2. Banyaknya Anak-anak yang Dilahirkan Secara Tidak Sah

lni merupakan fenomena umum yang disebabkan terlepasnya keinginan syahwat dan larutnya batas-batas antara para pemuda dan pemudi. Sebagian lembaga di Amerika membuat statistik untuk orang-orang yang hamil di luar pernikahan di kalangan pelajar SMA, ternyata jumlahnya sangat mengerikan.

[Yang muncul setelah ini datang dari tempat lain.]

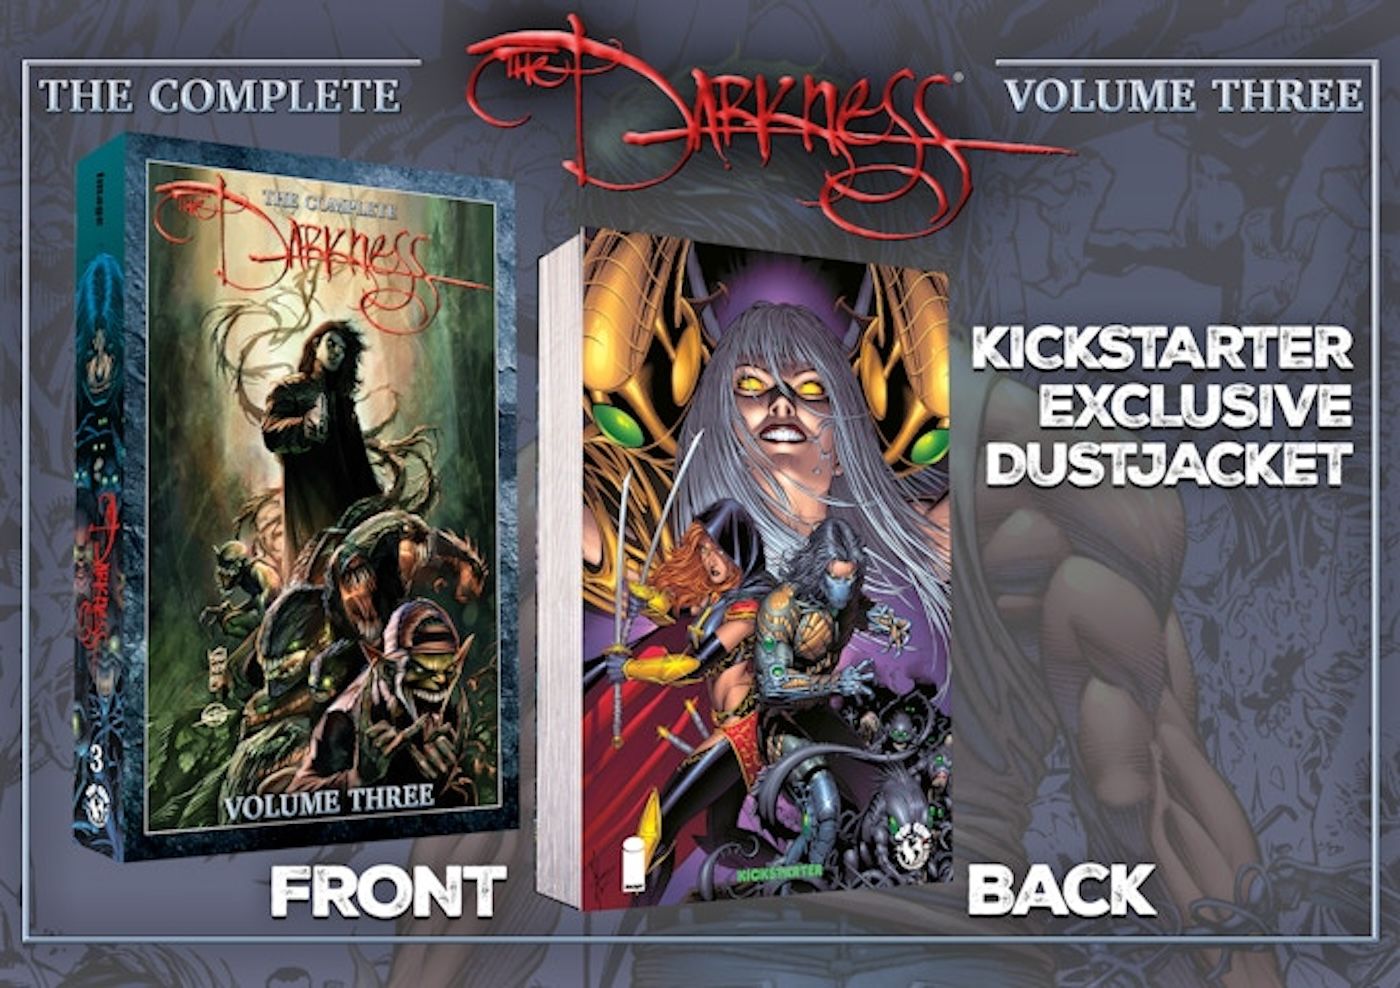 “My All-Time Favorite Comic Anti-Hero”: Top Cow’s THE DARKNESS Kickstarter Campaign Includes New Marc Silvestri Art

Mari kita perhatikan data statistik terbaru dalam masalah ini: bahwa sepertiga kelahiran anak tahun 1983 di New York adalah anak-anak yang tidak sah, artinya mereka dilahirkan diluar pernikahan. Mayoritas mereka dilahirkan oleh gadis berusia 19 tahun ke bawah, dan jumlah mereka adalah 112.353 anak atau 37 % dari jumlah anak-anak yang dilahirkan di New Yorkl!."30)

3. Banyaknya Gadis yang Tua belum menikah dan Pemuda yang membujang

Sesungguhnya adanya sarana yang mudah untuk memenuhi syahwat tanpa memikul beban pernikahan dan membina rumah tangga menjadikan kebanyakan para pemuda memilih cara yang termudah dan menghabiskan masa mudanya untuk ini dan itu. Menikmati lezatnya hubungan seks yang bervariasi, tanpa terikat dengan kehidupan monoton yang berulang kali sebagaimana yang mereka kira, tanpa menanggung beban tanggung jawab berkeluarga, dan sebagainya.

Di antara dampak dari itu semua adalah banyaknya para gadis-gadis muda yang menghabiskan masa mudanya tanpa suami yang tinggal bersamanya kecuali laki-laki yang bemain-main dan menjadikannya sebagai alat hiburan yang diharamkan. Selain itu juga banyak dari para pemuda yang membujang kehilangan ikatan kehidupan berumah tangga, sebagaimana hal itu dibuktikan dalam data statistik. Telah dinyatakan oleh direktur urusan statistik Amerika pada tanggal 22 Dzul Qa'idah 1402 bersamaan dengan 10 September 1982 M, bahwa untuk pertama kalinya terjadi sejak permulaan abad ini sebagian besar penduduk kota San Fransisco adalah para pembujang.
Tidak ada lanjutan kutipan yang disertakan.